Prices for OGX’s $2.56 billion of notes due 2018 and for $1.06 billion maturing in 2022 sank to about 20 cents on the dollar over the past week, signaling that investors are increasing bets on a debt restructuring. OGX has estimated liabilities of $4.7 billion.
The plan to renegotiate debt terms with bondholders imply that banks, which currently hold about $2 billion in loans, are made whole during the process - meaning that they are paid back in full, Valor said, without saying how it obtained the information.
Calls to the media offices of OGX and Grupo BTG Pactual SA , OGX’s financial adviser, were not immediately answered.
Under the plan, controlling shareholder Eike Batista, the embattled billionaire, who founded OGX six years ago, would see his stake in the company fall to about 4 percent from the current 59 percent.
The price on the 2022 bond was unchanged on Thursday, and was trading between 20 cents and 22 cents on the dollar. Shares of the company surged as much as 19 percent.
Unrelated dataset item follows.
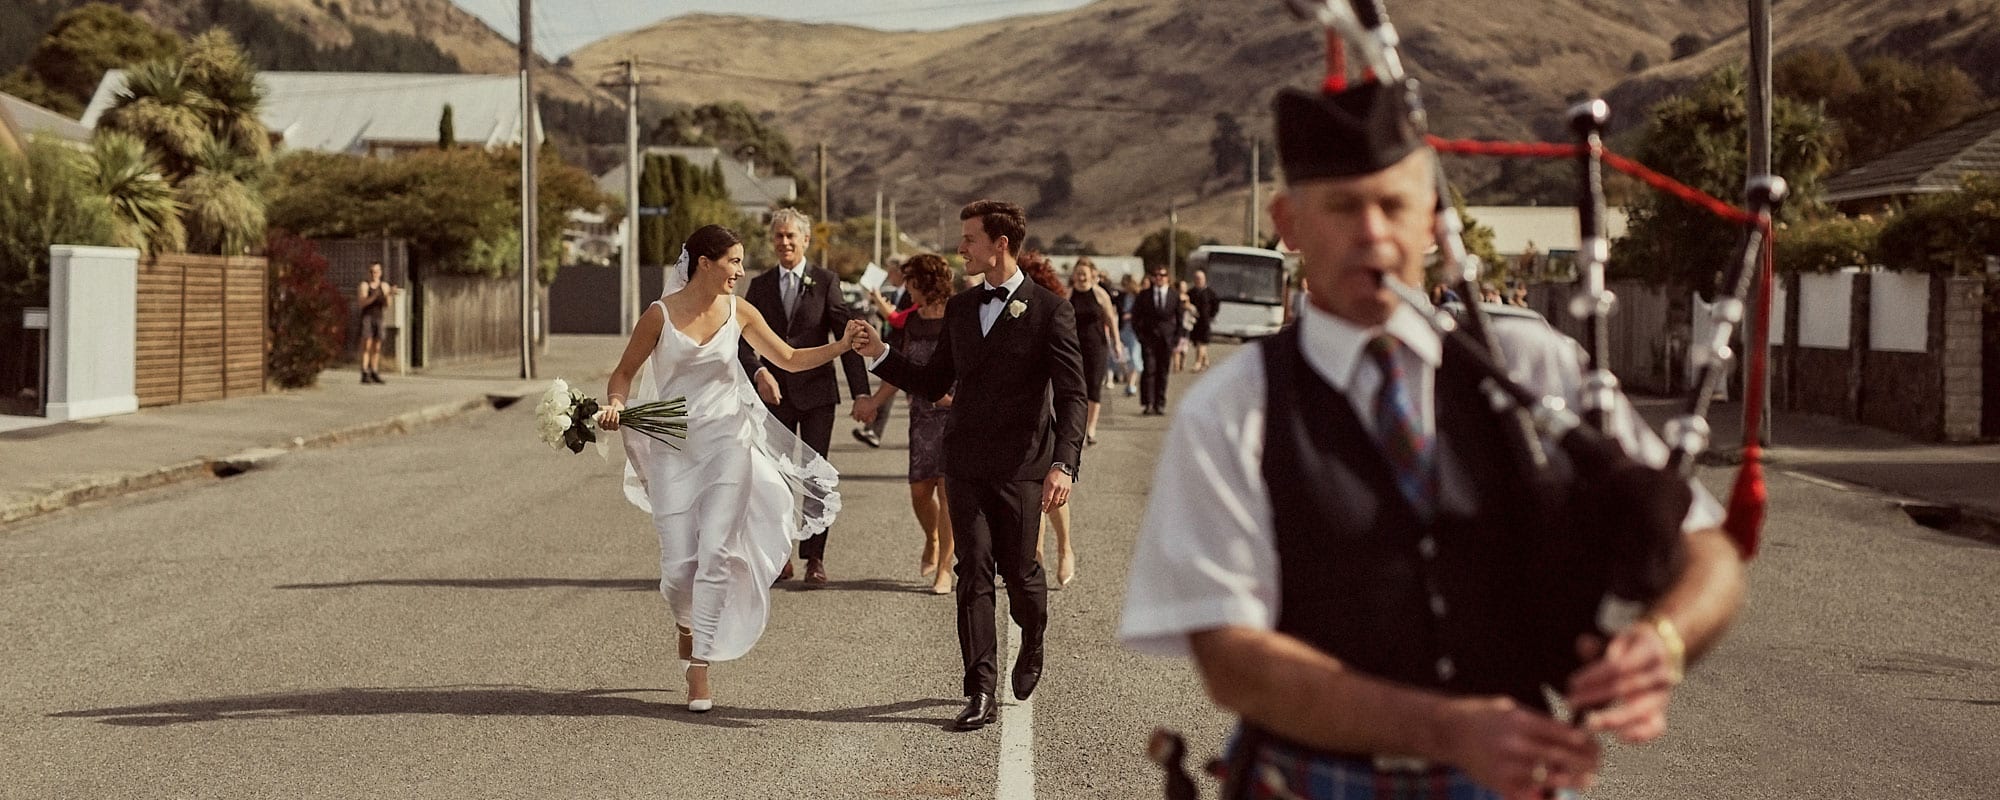 Wedding ceremony procession with bagpipe player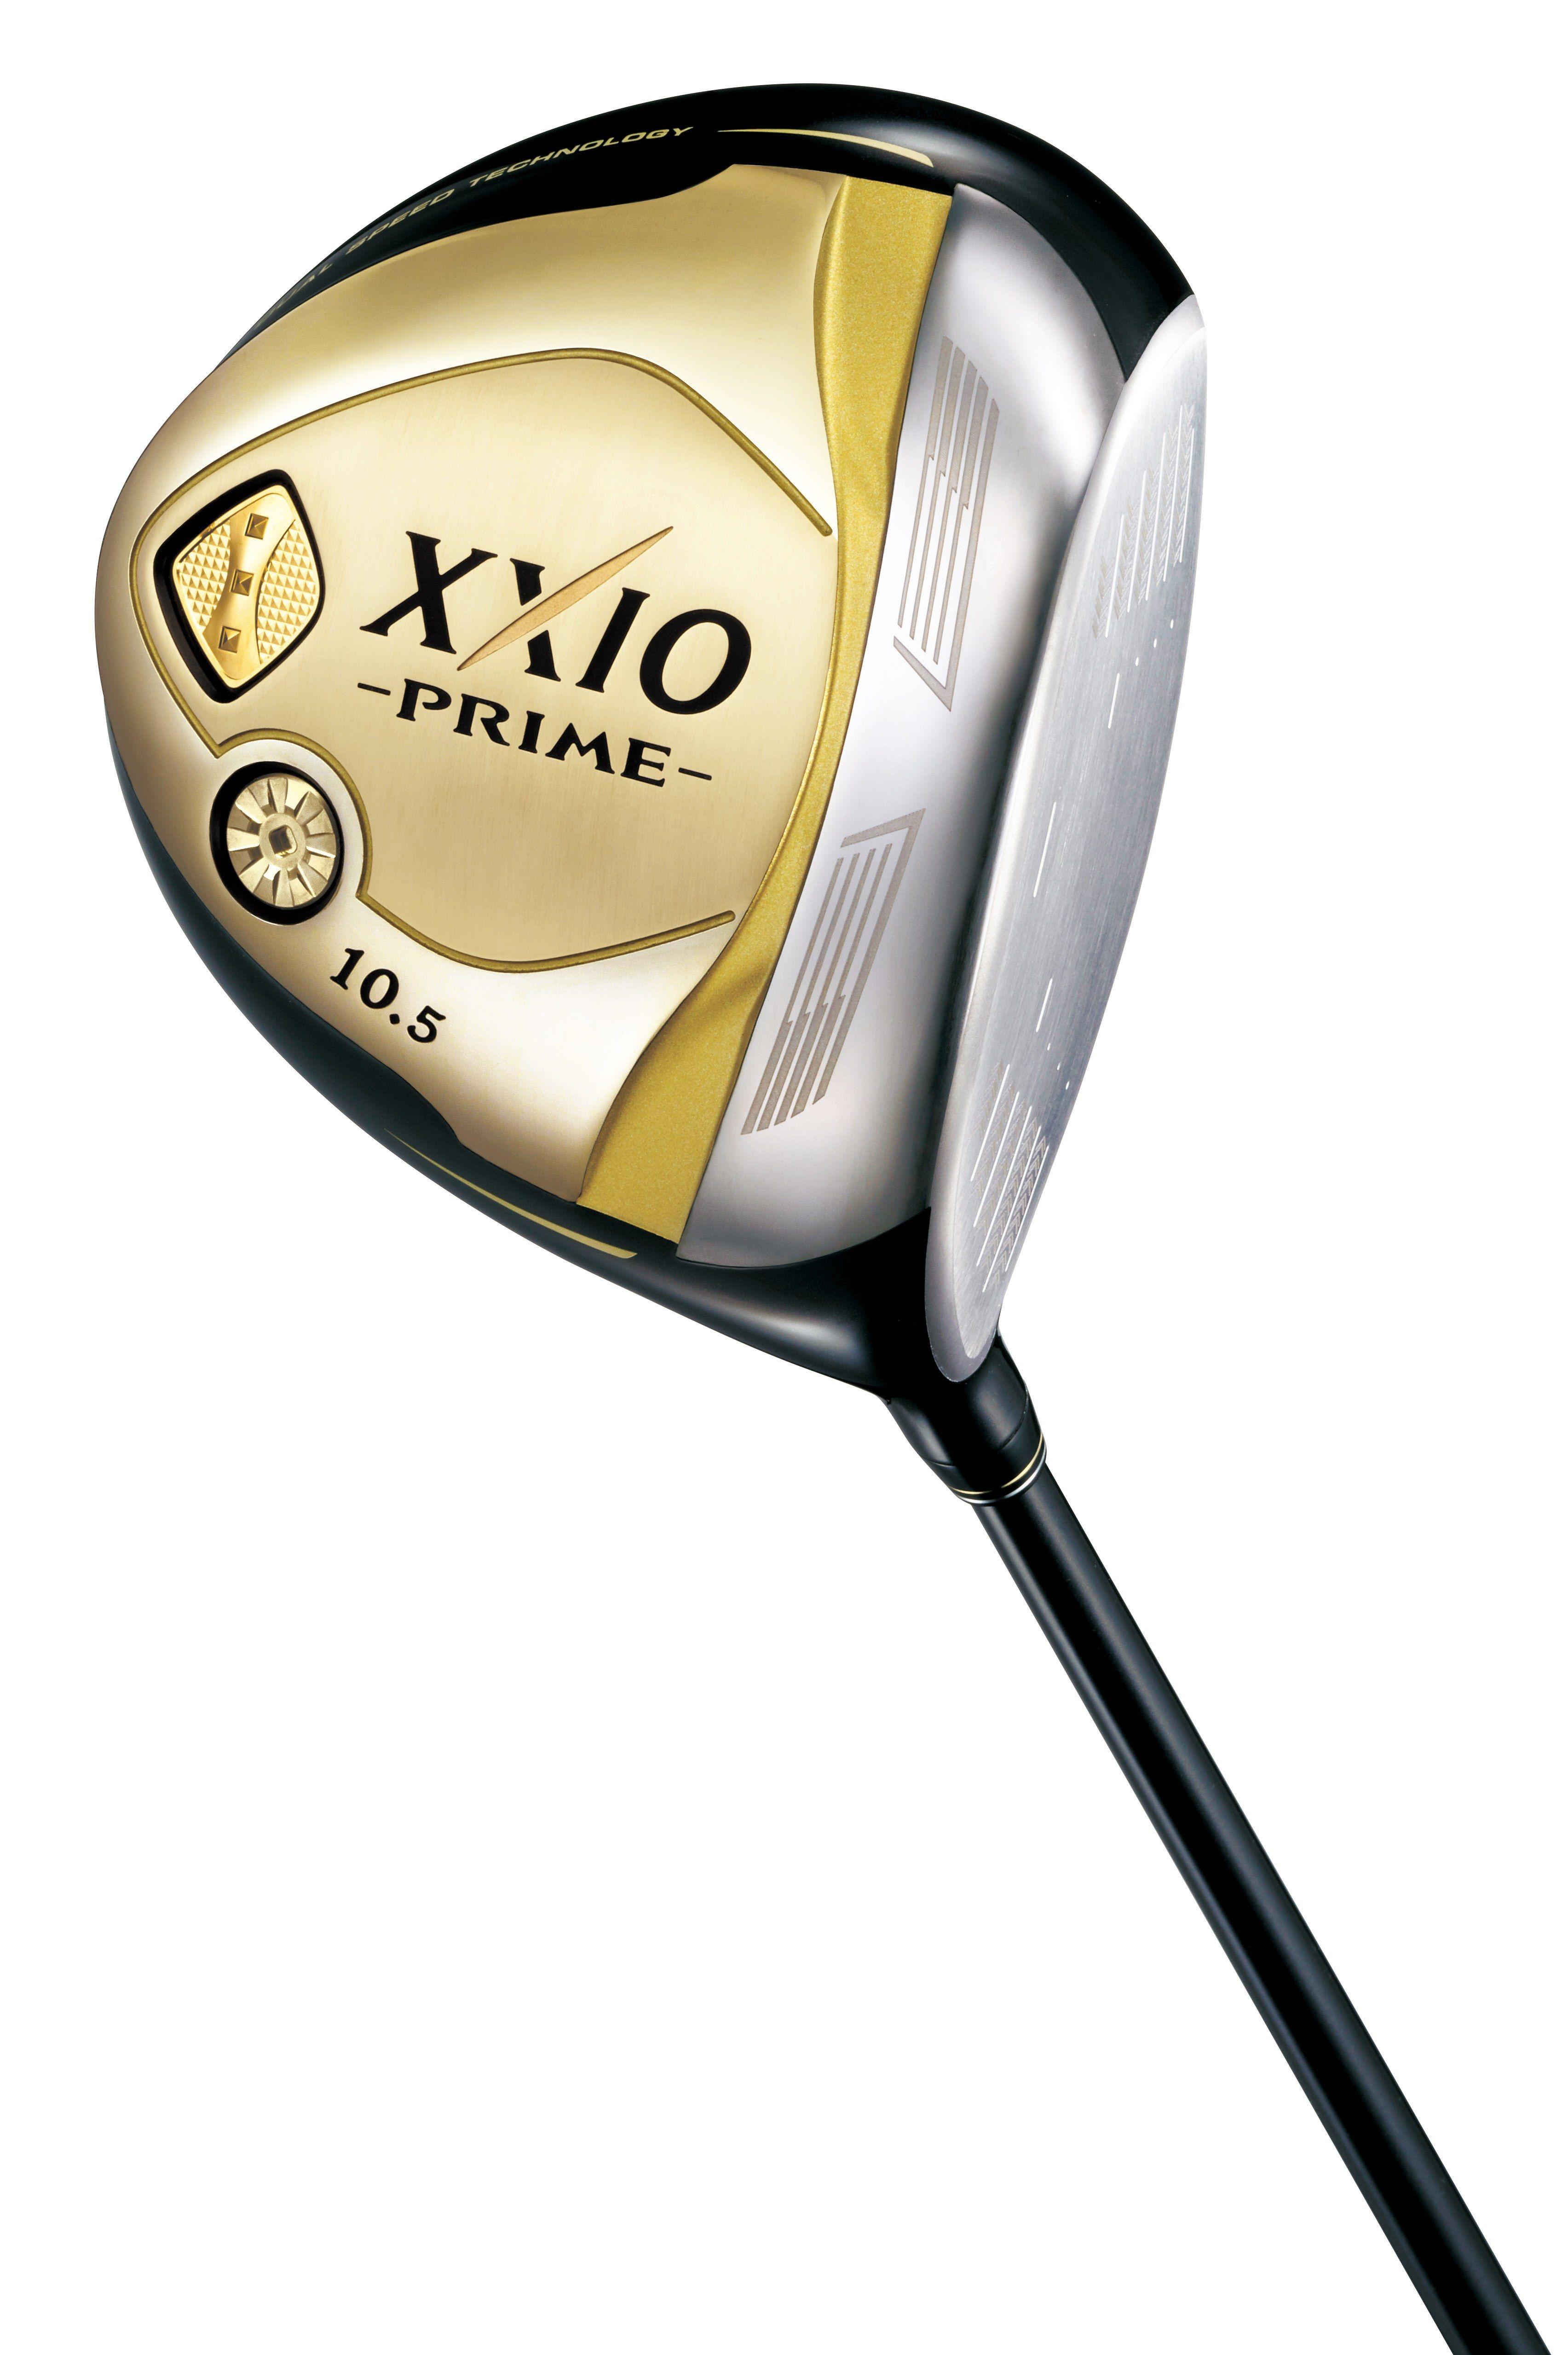 XXIO Golf Logo - XXIO pushes the extremes to help the average golfer swing faster

In recent months, investors had balked at the complex structure of Batista’s companies, their appetite for debt and, in the case of banks, the existence of guarantees and undrawn, committed credit lines to OGX and other companies controlled by Batista. This week, Bank of America Merrill Lynch estimated that loan exposure to Batista’s Grupo EBX conglomerate was at $4.2 billion and concentrated in five large Brazilian banks.